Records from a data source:
########

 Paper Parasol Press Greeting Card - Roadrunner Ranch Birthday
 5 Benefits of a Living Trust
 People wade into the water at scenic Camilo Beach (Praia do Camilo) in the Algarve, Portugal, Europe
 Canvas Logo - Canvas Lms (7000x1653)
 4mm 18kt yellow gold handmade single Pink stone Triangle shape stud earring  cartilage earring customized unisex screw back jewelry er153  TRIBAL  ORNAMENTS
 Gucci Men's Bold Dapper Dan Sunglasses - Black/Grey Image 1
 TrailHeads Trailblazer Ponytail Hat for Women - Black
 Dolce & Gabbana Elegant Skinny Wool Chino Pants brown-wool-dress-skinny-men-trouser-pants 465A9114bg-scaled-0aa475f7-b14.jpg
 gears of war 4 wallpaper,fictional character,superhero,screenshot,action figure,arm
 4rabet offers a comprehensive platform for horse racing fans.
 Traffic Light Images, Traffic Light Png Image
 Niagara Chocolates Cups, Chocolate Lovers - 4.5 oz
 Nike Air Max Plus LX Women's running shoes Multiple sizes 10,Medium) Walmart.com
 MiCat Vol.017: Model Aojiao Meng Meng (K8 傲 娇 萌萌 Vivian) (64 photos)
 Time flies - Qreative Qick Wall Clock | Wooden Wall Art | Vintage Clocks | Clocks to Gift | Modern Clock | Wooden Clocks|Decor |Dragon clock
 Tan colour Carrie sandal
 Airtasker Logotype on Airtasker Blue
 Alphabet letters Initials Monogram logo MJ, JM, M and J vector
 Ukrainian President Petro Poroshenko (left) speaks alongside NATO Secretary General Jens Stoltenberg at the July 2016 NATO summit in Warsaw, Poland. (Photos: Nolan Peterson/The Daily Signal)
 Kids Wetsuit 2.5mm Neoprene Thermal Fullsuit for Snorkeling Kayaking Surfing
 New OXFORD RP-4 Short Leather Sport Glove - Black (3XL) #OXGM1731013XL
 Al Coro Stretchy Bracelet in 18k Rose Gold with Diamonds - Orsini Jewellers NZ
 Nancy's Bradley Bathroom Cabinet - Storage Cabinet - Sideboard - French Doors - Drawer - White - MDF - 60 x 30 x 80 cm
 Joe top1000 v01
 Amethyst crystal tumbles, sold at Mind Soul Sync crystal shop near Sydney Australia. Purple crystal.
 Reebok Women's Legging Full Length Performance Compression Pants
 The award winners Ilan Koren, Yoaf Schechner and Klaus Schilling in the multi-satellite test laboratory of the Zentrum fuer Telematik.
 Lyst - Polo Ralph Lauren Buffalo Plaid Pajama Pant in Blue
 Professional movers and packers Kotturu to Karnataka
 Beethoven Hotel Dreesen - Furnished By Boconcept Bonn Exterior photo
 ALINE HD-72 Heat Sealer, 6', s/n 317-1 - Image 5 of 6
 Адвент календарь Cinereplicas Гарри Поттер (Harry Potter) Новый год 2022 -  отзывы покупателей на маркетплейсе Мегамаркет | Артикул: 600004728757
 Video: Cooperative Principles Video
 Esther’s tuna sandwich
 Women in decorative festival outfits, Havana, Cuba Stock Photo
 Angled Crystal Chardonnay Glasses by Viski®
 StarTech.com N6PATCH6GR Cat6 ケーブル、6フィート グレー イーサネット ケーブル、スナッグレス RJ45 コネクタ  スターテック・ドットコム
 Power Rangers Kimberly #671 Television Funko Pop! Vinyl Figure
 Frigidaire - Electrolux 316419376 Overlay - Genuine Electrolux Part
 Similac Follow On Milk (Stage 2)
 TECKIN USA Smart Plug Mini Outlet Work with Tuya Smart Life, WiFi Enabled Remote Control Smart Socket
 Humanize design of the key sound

########

Out of the entries above, write out only the lines between the line holding "ALINE HD-72 Heat" and the line holding "TECKIN USA Smart", inclusive, each exactly as given.

 ALINE HD-72 Heat Sealer, 6', s/n 317-1 - Image 5 of 6
 Адвент календарь Cinereplicas Гарри Поттер (Harry Potter) Новый год 2022 -  отзывы покупателей на маркетплейсе Мегамаркет | Артикул: 600004728757
 Video: Cooperative Principles Video
 Esther’s tuna sandwich
 Women in decorative festival outfits, Havana, Cuba Stock Photo
 Angled Crystal Chardonnay Glasses by Viski®
 StarTech.com N6PATCH6GR Cat6 ケーブル、6フィート グレー イーサネット ケーブル、スナッグレス RJ45 コネクタ  スターテック・ドットコム
 Power Rangers Kimberly #671 Television Funko Pop! Vinyl Figure
 Frigidaire - Electrolux 316419376 Overlay - Genuine Electrolux Part
 Similac Follow On Milk (Stage 2)
 TECKIN USA Smart Plug Mini Outlet Work with Tuya Smart Life, WiFi Enabled Remote Control Smart Socket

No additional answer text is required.